Ancient WGD is usually inferred using the dS-based method, but artificial signals in dS distributions have been reported in previous studies, because of dS saturation (dS value > 1) or because of using poorly annotated genomes [24,52,62]. There is an extra peak in the dS distribution of anchor gene pairs in A. digitifera and A. tenuis. One possible explanation is that the extra peak is artifactitious because few anchor gene pairs were used in the analysis. However, this could also indicate a second WGD event in Acropora. We found few orthogroups with topologies that fit the two proposed WGDs events (Supplementary Fig 17). If a second WGD event occurred, the reason that the second WGD signal appeared among anchor gene pairs rather than among paralogous gene pairs may be that the paralogs generated by the second WGD have been largely lost; thus, few of them are only retained in conserved order. Fortunately, a new maximum likelihood phylogeny modeling approach was recently developed to overcome difficulties of the dS-based method [24,62]. We used it to test whether a second WGD occurred in Acropora. The result showed that one WGD event is the best model in Acropora and it occurred 30.69 to 34.69 Mya (Supplementary Table 5 and Supplementary Table 6; for details see Methods). Thus, we have supportive genome-scale evidence to support IAsα, but as yet, there is no conclusive evidence to support a second WGD in Acropora.
It is crucial to accurately estimate the timing of a WGD event to understand its evolutionary consequences [23,25]. Our study has clearly estimated the timing of IAsα using both phylogenomic analysis and the dS-based method. We suggest that IAsα probably occurred between 27.86 and 35.7 Mya (Fig 1b). Interestingly, species turnover events usually occurred with extinctions [63], and one species turnover event in corals (Oligocene-Miocene transition: OMT) was suggested to have occurred from 15.97 to 33.7 Mya [8]. The timing of IAsα may correspond to a massive extinction of corals created by OMT. This finding supports the hypothesis that WGD may enable organisms to escape extinction during drastic environmental changes [17] (Fig 1b).
The occurrence of IAsα raises the question of what impact it may have had upon coral evolution [15,32]. We performed GO analysis on duplicated genes and examined several duplicated gene families, showing that duplicated genes following IAsα indeed provided raw genetic material for Acropora to diversify and are potentially crucial for stress responses. In particular, toxin diversification in Acropora was mainly generated by WGD. In addition, we focused on expression patterns of duplicated genes in A. digitifera, showing that expressions of duplicated protein kinases are likely to be correlated during development. A possible explanation may be that protein kinases are probably retained in complex signal transduction pathways via subfunctionalization or dosage effects [22,32]. However, expressions of duplicated membrane proteins are likely uncorrelated probably because these proteins may have developed different functions via neofunctionalization, such as excitatory amino acid transporters (orthogroups 1244).

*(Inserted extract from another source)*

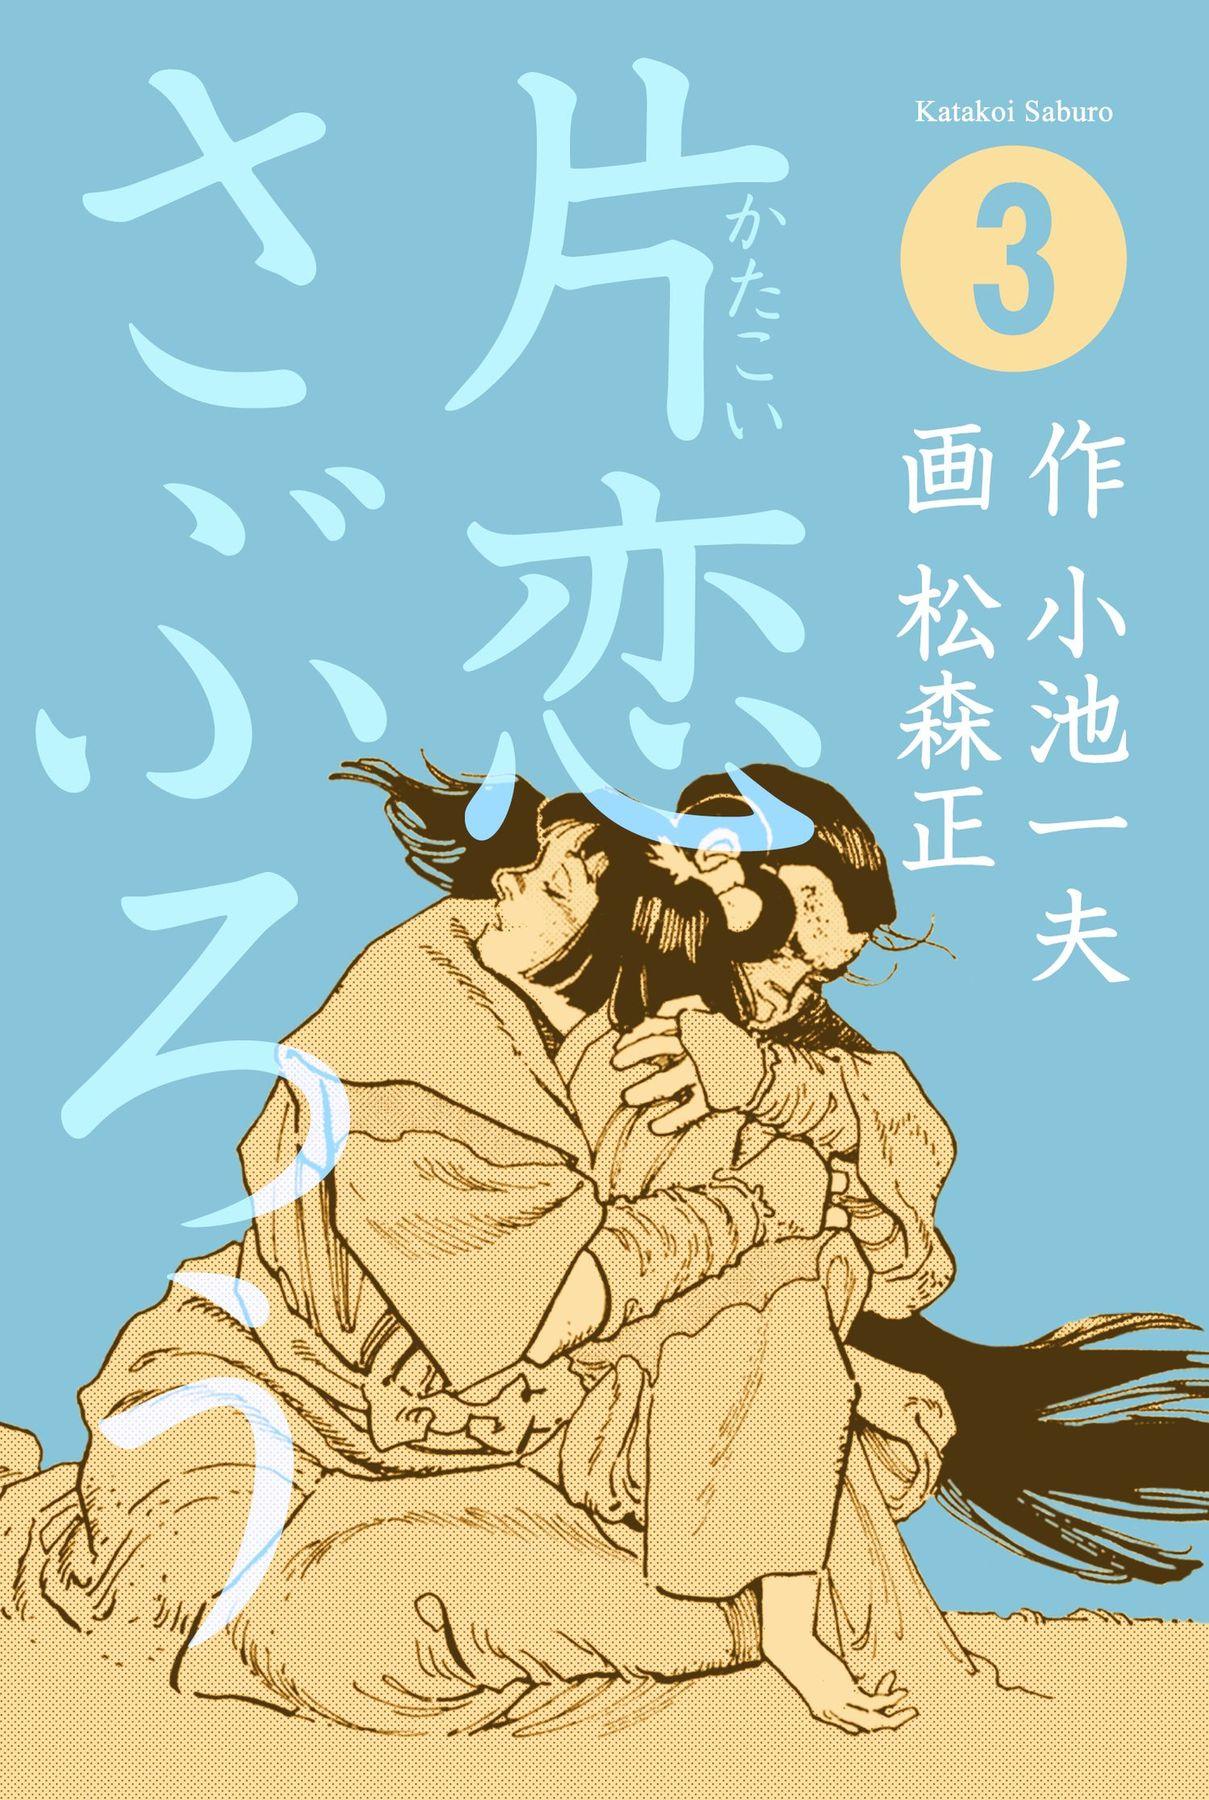 片恋さぶろう(第3巻)

However, there is still much work needed to investigate molecular mechanisms of duplicated genes to examine these hypotheses in the diversification of Acropora [64]. For instance, previous gene functional studies have demonstrated that voltage-gated sodium channel gene paralogs, duplicated in teleosts, contributed to the acquisition of new electric organs via neofunctionalization in both mormyroid and gymnotiform electric fishes [65,66].
Our previous study proposed that adaptive radiation in Acropora was probably driven by introgression (Mao et al., in revision); thus, Acropora is the first invertebrates lineage reported to have undergone both WGD and introgression. Meanwhile, both introgression and WGD have also been reported in cichlid fish lineages [67], a famous model for adaptive radiation in vertebrates [67,68]. Both WGD and introgression are regarded as significant forces in adaptive radiation of organisms [17,67], but we still do not understand the relationship between WGD and introgression in adaptive radiations [69].
In conclusion, this study identified an ancient WGD shared by Acropora species (IAsα) that not only provides new insights into the evolution of reef-building corals, but also expands a new model of WGD in animals.
Methods
Species information, genomic data and gene families cluster
Data can be accessed at: http://marinegenomics.oist.jp and http://comparative.reefgenomics.org/datasets.html. The Acropora species information in this study will be described in the paper (Mao et al., in revision). Information about Astreopora sp1 was described previously [7] and transcriptome data across five development stages was descried previously [60]. Protein sequences of the six species were combined together to perform all-against-all BLASTP approach to find all orthologs and paralogs among six species. Then, OrthoMCL was used with default settings to cluster homologs into 19,760 gene families according to sequence similarity [70].
Single-copy orthologs and reconstruction of a calibrated phylogenomic tree
A custom python script was used to select 3,461 single-copy orthologs with only one gene copy in each species. For each sequence alignments of single-copy orthologs, coding sequences were aligned with MAFFT [71] as described previously. Then, the concatenated sequences of 3,461 single-copy orthologs were used to reconstruct the phylogenomic tree (species tree) with BEAST2 [72]. First, we partitioned the concatenated coding sequences by codon position. Molecular clock and trees, except substitution model, were linked together. Then, divergence time was estimated using the HKY substitution model, relaxed lognormal clock model, and calibrated Yule prior with the divergence time estimated in our previous study (Mao et al., in submission). We ran BEAST2 three times independently, 50 million Markov chain Monte Carlo (MCMC) generations for each run, then we used Tracer to check the log files and we found that ESS of each of parameters exceeded 200.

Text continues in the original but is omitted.